Here we go again. America's vaunted criminal justice system has two convicted felons, neither of whom will ever be free to transgress in public again, both claiming to have been the murderer of a gay Richmond antiques dealer. And they're not the only claimants. According to this story in the Times-Dispatch a death row inmate in Florida maintains that he, not an Iowa inmate that pleaded no contest to the murder charge, is the real killer of Henry Weatherford, Jr. in 1994.
The case against Lonnie Ray Wiseman in Weatherford's murder is based on the newest form of disputable evidence, DNA testing. Tissue samples of arrested individuals are routinely taken, their DNA profiled and then matched against a database of DNA gathered at crime scenes. Wiseman was tied to the murder on the basis of DNA samples gathered from Weatherford's car and then sentenced last month.

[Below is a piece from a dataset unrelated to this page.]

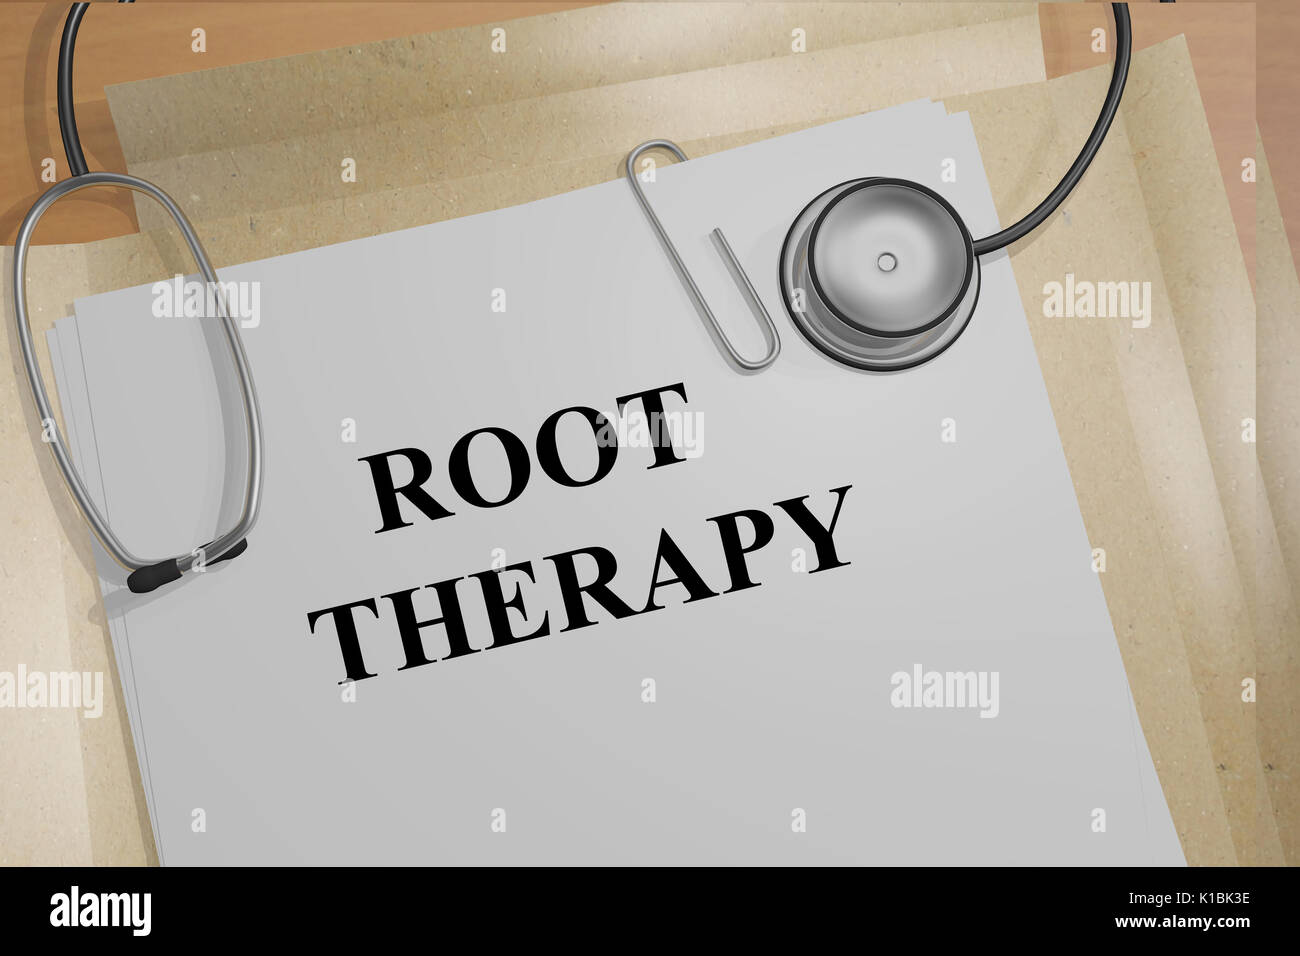 3D illustration of ROOT THERAPY title on medical documents. Medicial concept. Stock Photo

Like its pseudo-scientific predecessors fingerprinting and lie detectors, DNA matching, which can't be explained by the cops that take the samples, the prosecutors that introduce it as evidence, the judges that admit it or the juries that convict on its basis, has become accepted with zero public understanding purely because of supposed scientific validity. People go for it based on technology that's understood by only a small number of so-called experts. We see the same phenomenon with the computer-generated models used to explain climate change and economic events. Not surprisingly, the people that perform the tests and modelling are sometimes found to have falsified the results for various reasons.
"Cold cases", unsolved crimes that date back decades, are apparently what cops investigate when they run out of doughnuts. Both of these guys are career criminals that have been in jail for years but somehow it's important to tag at least one of them with the responsibility for a an event that occurred when Mrs. Bill Clinton was still a housewife and a first-class stamp cost 29 cents. Changing the name of the killer will make a big improvement in American life.
Here's another example. This guy is on Arizona's death row but there's a possibility Utah might extradite him to stand trial for another murder.
Best of all, DNA evidence has identified the notorious "Jack the Ripper", who terrorized the ladies of the evening in the Whitechapel district of London in 1888, as the Daily Mail can now reveal.
Unfortunately, studies have determined that DNA testing doesn't necessarily produce a positive match.